Коричневые шторы казались уже черными, а плотская ткань прозрачной, если такое возможно, то да, именно это и произошло. Если слишком долго смотреть на одну вещь, то можно увидеть в ней совершенно другой смысл. Так случилось и с простыней, которую пора бы уже поменять, но я не знаю где ее взять. Она уже пропиталась цистерной моих горьких или как их там соленых слез. Я переворачивала подушку мокрой стороной вниз, она не успевала высыхать, как я снова ее переворачивала, ибо другая сторона уже тоже была мокрой.
Мила должна была прийти скоро. Сегодня я не могу сказать, что рада буду ее видеть. Вообще кого-то. Я не знаю, стоит мне это ей рассказать или нет. А что, если из-за этого у нее будут проблемы? Если Диме это совсем не понравиться, что с ней будет? Он не причинит зла мне, но ей… Я бы не хотела, чтобы она страдала, тем более по моей вине.
Приклеившись к матрасу, смотрела на белый, уже надоевший мне потолок.

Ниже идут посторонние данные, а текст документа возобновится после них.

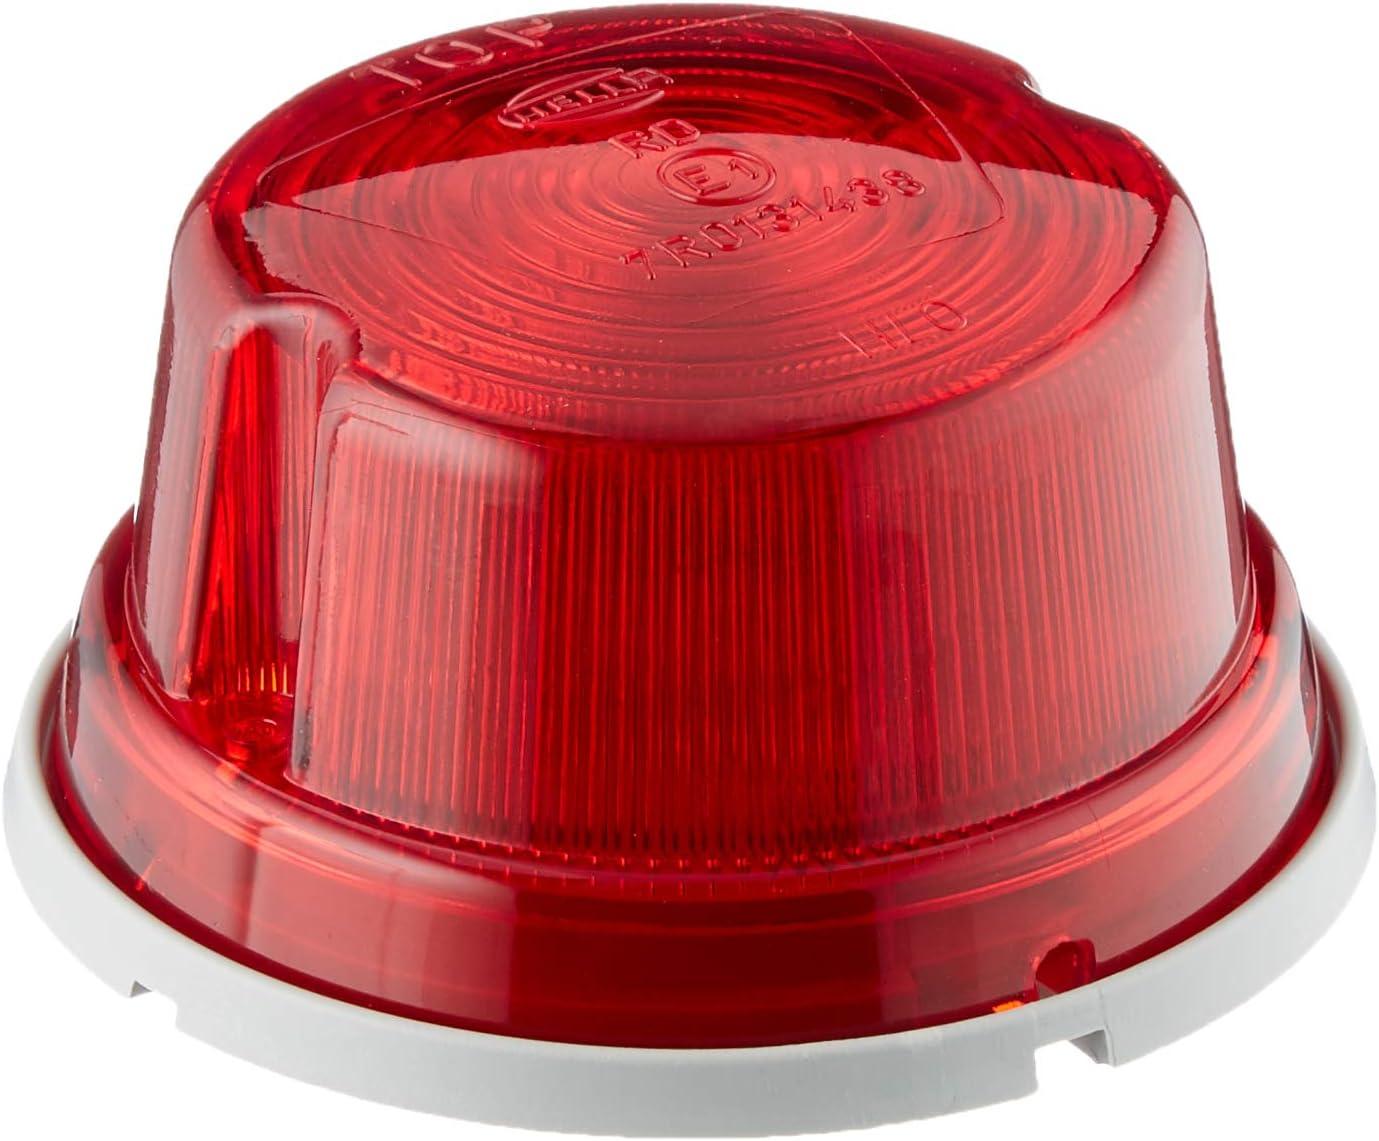 Hella 2sa 001 259 751 Schlussleuchte 12 24v Anbau Lichtscheibenfarbe Rot Hinten Links Oben Rechts Auto

Как же много у меня развлечений, просто даже не знаю бы даже заняться. Может убить кого? Мозговой штурм не давал мне спокойно вздохнуть. Думаю о своем «хозяине», но больше он мне не хозяин. Да, наглость второе счастье, он больше мне не. Я не понимала его логики, не разделяла его видение жизни и вообще восприятие мира. Как можно оставить ребенка одного? Как совесть ему позволила присылать мне цвет, подарки. Я ведь помню: новый год, восьмое марта, день рождения, мне присылали белые лилии и какие-то безделушки. У меня тогда было много вариантов, но знала бы я… Это ведь были простые мелочь, хотя, для меня тогда просто божий дар. Куколки, сумочки, красивые банты, превращались в что-то волшебное.
Да уж, мой «дед мороз», оказался дедом мудаком. Почему он мне не рассказал сразу? Как только позволил своим друзьям надо мной издеваться? В голове не укладывается.
— Тук-тук, — в дверном проеме показалась брюнетка, которая сегодня особенно светилась от счастья.
— Кто там? — я выдержала паузы, отвечая на улыбку подруги, а затем продолжила, — это что, моя чокнутая девочка?
Мила — единственный человек, которого я вообще не противлюсь видеть. Она не связана с этой «нашей семейкой» и со всеми драмами, которые ее окружают. Мне это нравиться, хотя бы тут я не чувствую подтекста и лжи. А ложь нынче хуже снежной лавины или урагана.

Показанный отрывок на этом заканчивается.